Evaluate HIPAA Readiness of Current Systems – You may contact the vendor, and/or obtain the opinion of an independent party. Be careful to determine the ability of the current system, and the vendor’s intent to support HIPAA requirements. Vendors’ intent should be evaluated based on what changes they make to the product as well as what they are proposing they will do. Be especially careful of products that probably cannot be upgraded to HIPAA compliance, such as products with old technology bases, companies that have been acquired, and products with declining user bases.
- Make sure that you get written representations of the intent of the vendor. In the event that your vendor has not upgraded their product to deal with HIPAA issues, a written document may provide some relief to any challenges from your business partners or regulators should the practice end up in a last minute scramble to meet standards. For example, some practices have encountered serious problems with medical record storage issues and have gotten relief by demonstrating their good faith efforts.
- The practice should monitor the effort of the vendor along with the implications for the practice. Be especially careful with products based on older technologies that need to be upgraded, but as a practical matter will not be changed. In other cases, changes may require a change in hardware and software, as well as a complete data conversion effort and retraining program. Such a project may rival the acquisition cost and effort of a new system.
- HIPAA includes a variety of procedural and policy issues that must be addressed regardless of the sophistication and expense of the computer system. Contingency plans, access policies, security management, training, etc. are all components of a HIPAA plan. On the positive side, HIPAA does establish a standard that the practice can rely on to insure that they are adequately protecting and administering their computer-based information. The practice should evaluate the operational, procedural, and policy issues in light of HIPAA standards.
- Since HIPAA not only involves the computers used, but also the procedures and policies the practice uses to manage computers, practices should complete and maintain the following steps to meet HIPAA compliance requirements:
- HIPAA requires that practices have a security officer to manage the information on computers. Since few practices have a designated staff person with adequate training, the practice could develop such skills through training employees, or by modifying the next position they fill, in order to hire someone who could serve as the security officer.
- HIPAA requires a written procedure, and the training of employees on those procedures. Many practices have outdated written procedures, while others totally lack any written procedures. Practices should develop document procedures including workflow in the office based on the computer systems, and practice policies to empower and enforce the workflow.
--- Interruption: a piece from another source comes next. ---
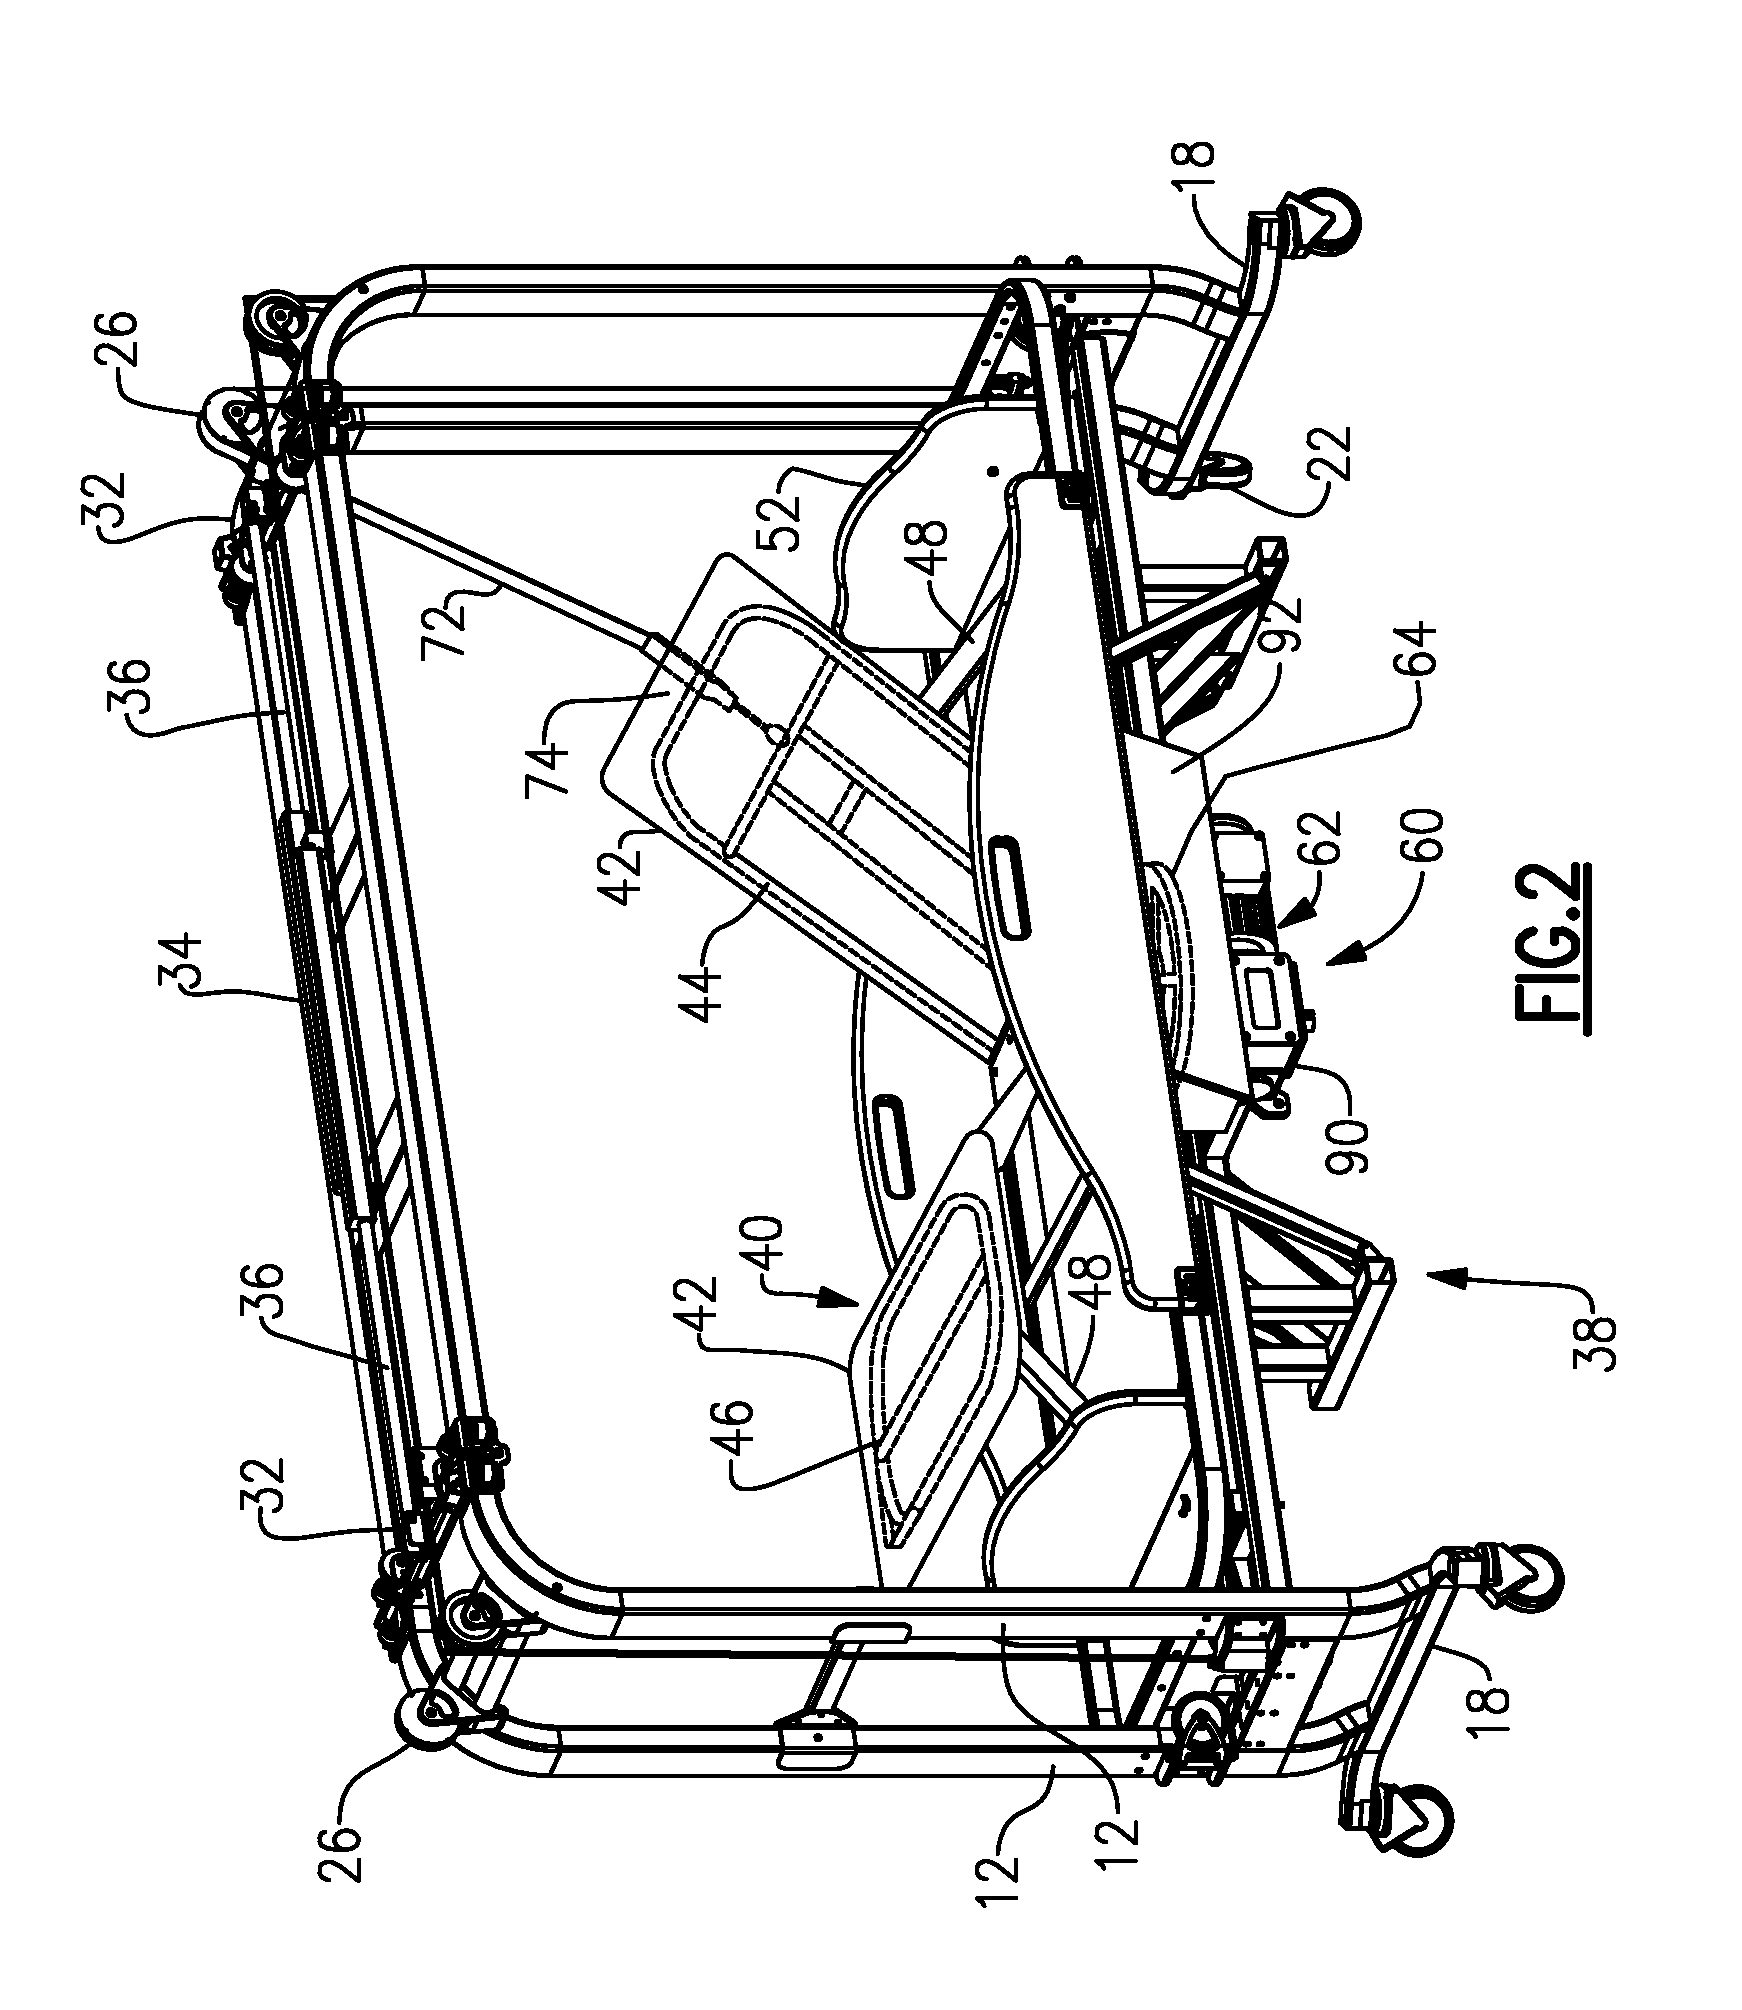 Passive Mobility Exercise and Range-of-Motion Bed Apparatus

- HIPAA requires staff training on HIPAA compliance and procedures. The practice should establish a staged approach that addresses continual training of current employees as well as a standard program for new employees.
There is no question that HIPAA impacts on the way practices use and maintain computers. Therefore, practices should carefully consider how they can maintain their systems, procedures and operations to comply with these industry standards. Otherwise, a practice could end up in a situation where they are risking sanctions from the other health care organizations that they depend on for their own success.